To put it in the purely economic terms, they also take with them their taxability and their disposable incomes. And yet the taxpayer as well as they themselves have invested millions in their education, health and general welfare.
It follows that their flight represents an alarming waste of taxpayer money.
So much for the international rules-based order
Anyone who is willing to observe the inexorably unfolding Gazan genocide will be aghast at the total inability of the so-called "rules-based international order" to stop it.
After bombing 80% of the housing units, all of the universities, most of the hospitals and schools, the Israeli military has now ordered hundreds of thousands of impoverished Palestinians to relocate to a designated "safe" area where there is no infrastructure, sanitation, fresh water or food, while blocking the only entry points for humanitarian aid.

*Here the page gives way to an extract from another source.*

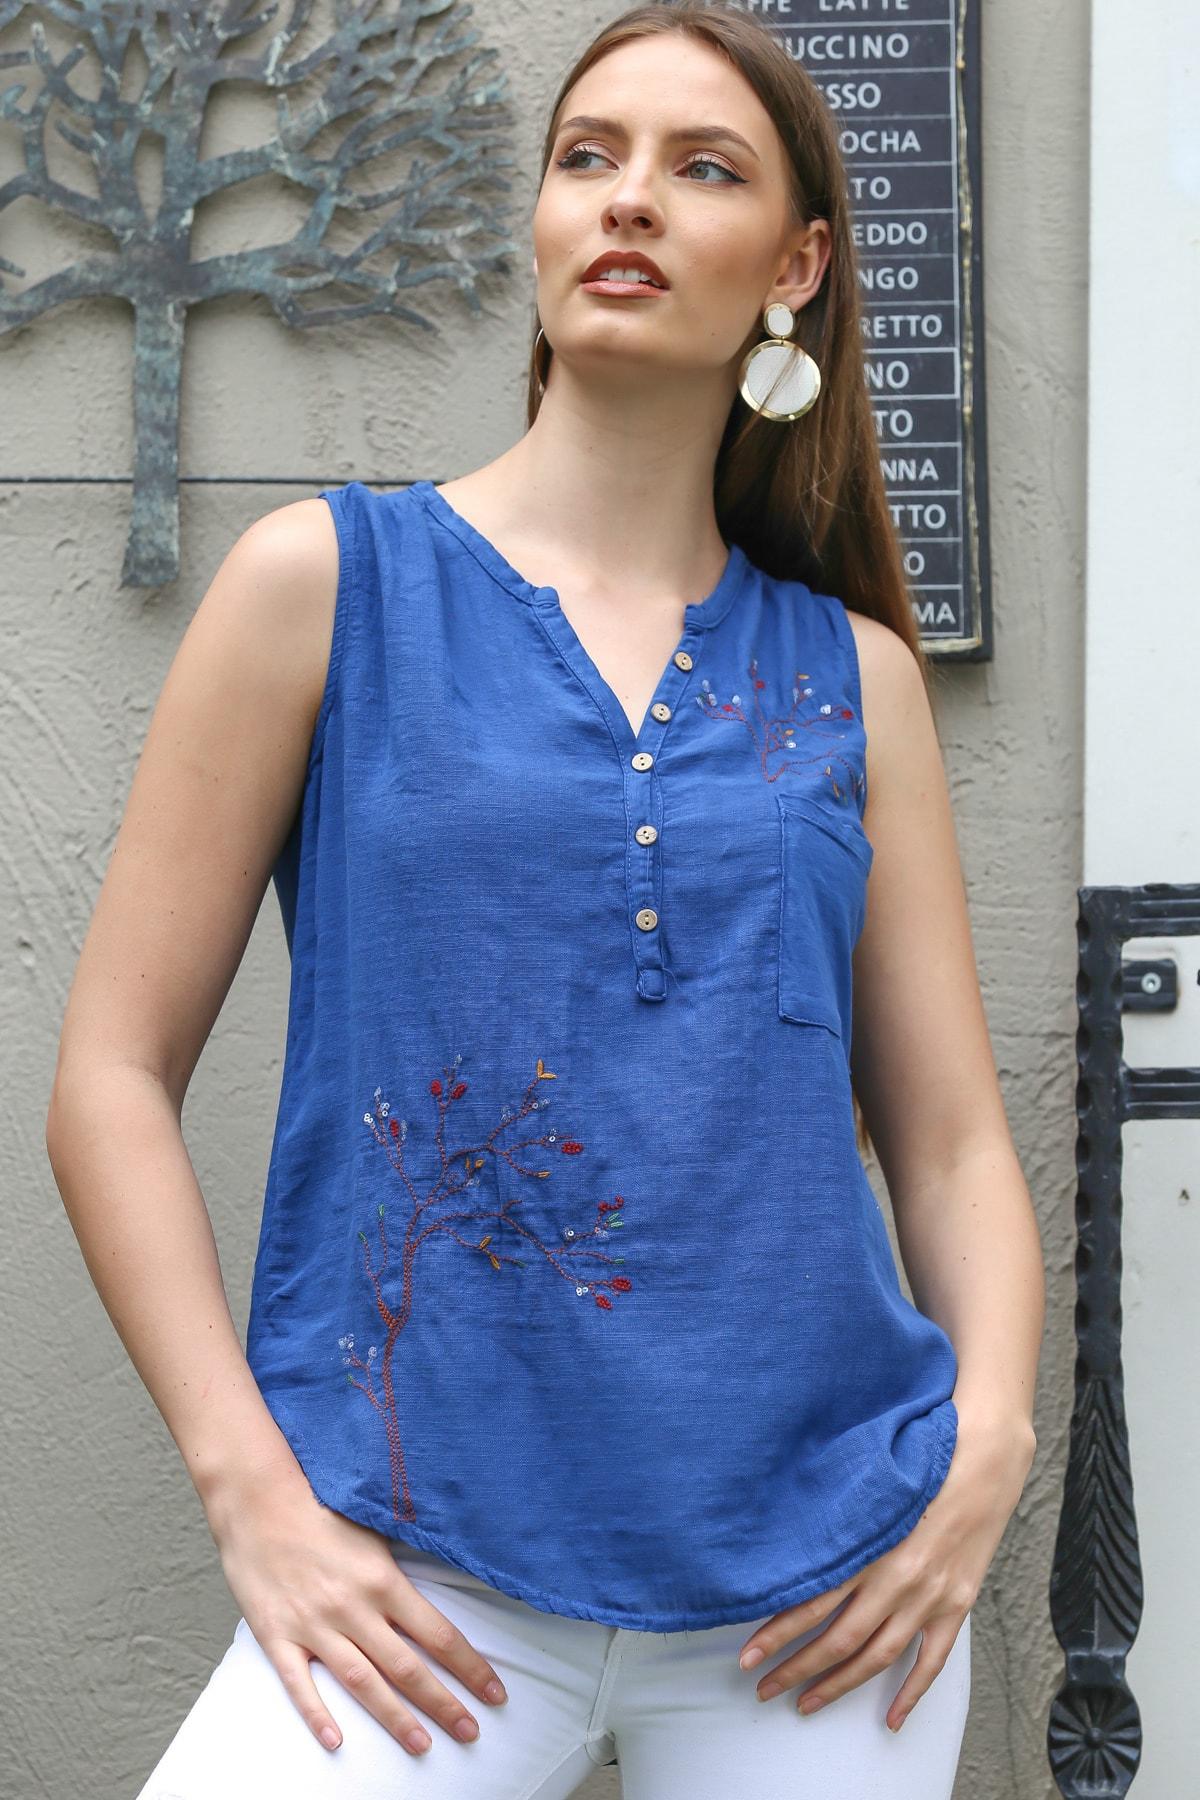 Kadın Mavi Patı Düğme Detaylı Ağaç Nakışlı Kolsuz Dokuma Bluz M10010200BL95303
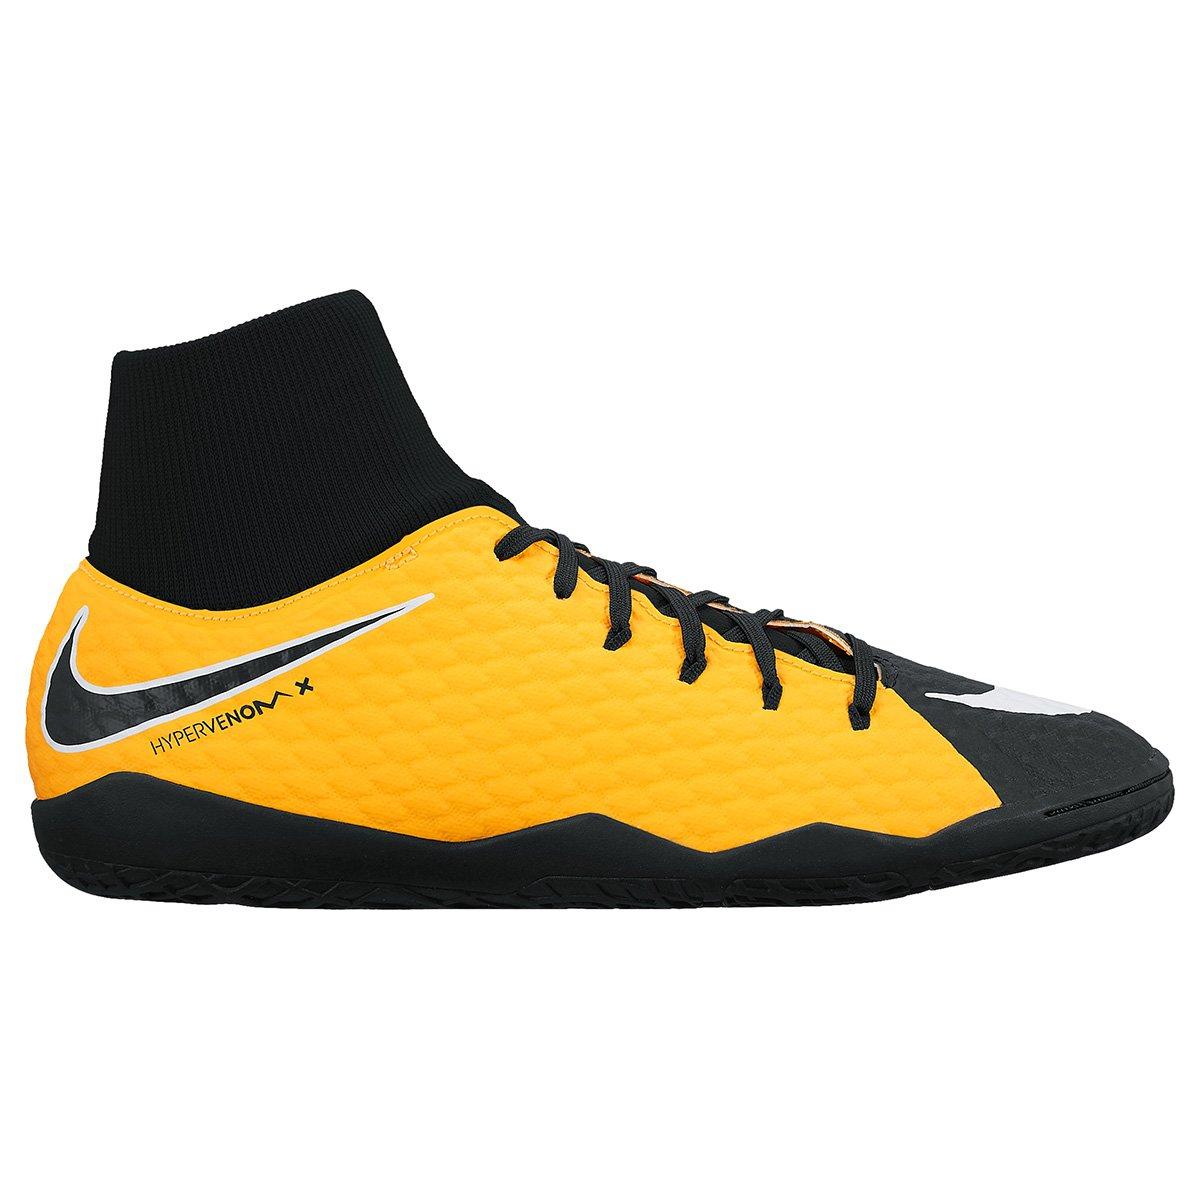 2c588ee4a088 Chuteira Futsal Nike Hypervenom Phelon 3 DF IC - Compre Agora

What happens next is anyone’s guess but it’s probably safe to predict that the calculated degradation of the long-suffering Palestinian people and their culture will continue.
Not cruising
Congratulations to Tom McKinlay for "No More Cruising"(The Weekend Mix 18.5.24) and the thorough analysis of the climate emissions contribution from cruise ships. This article was not outsourced or syndicated but reliant on local emissions data.
We are fortunate to have our academics as a source for this high standard of journalism. Further credit goes to the protesters whose activities were acknowledged in the article. The arresting photos of their protest banners in front of and around cruise ships entering our port ultimately stimulated further discussion on these confronting issues. We are facing curtailment of luxury travel. The disabling future confronting us could well deplete our natural, healthy, safe havens on which tourism depends.
Race relations and need for calm debate
Metiria Stanton Turei’s defence counsel sophistry of Kapa-Kingi’s hyperbolic and hysterical rhetoric concerning the repeal of 7AA reveals a lack of a cogent argument (ODT Opinion 17.5.24).
The biggest detriment to our Māori tamariki lies within their own whanau and the breakdown of the family structure in the last number of decades.
Racial colour coding as an "identity" guideline forgoes placing vulnerable children with the best caregivers. Aspirations of democracy, impartiality, meritocracy and colour blindness are worthy ideals. The so-called "cultural wellbeing" of children is ideologically driven by divisive Treaty stakeholders. It doesn’t ensure the welfare of any child, nor does it maintain any whakapapa if children are killed.
Was it necessary for Metiria Stanton-Turei to write about New Zealand’s controversial race relations topic in such a them vs us, confrontational, oppositional manner?
Why defend Mariameno Kapa-Kingi’s non-factual, aggressive, inflammatory talk concerning the government’s attitude to race relations? Cannot your own ancestry be recognised as "them and us"? You could approach race relations from a neutral standpoint, with no need to be confrontational.
I agree that there is an unsavoury history to race relations, and in political rhetoric today. An ancestor of mine settled in the Hokianga in April 1840. She married a chap who had arrived five years earlier. His name is on a plinth at Māngungu.
I have no other home than this land, nor can I take on personal responsibility for how my ancestors may have once interacted with Māori. All of us have arrived here in our different canoes at different times, so it is now imperative that we all approach the race relations table in at least an evidence-based way to listen to each other, recognising our equal worth.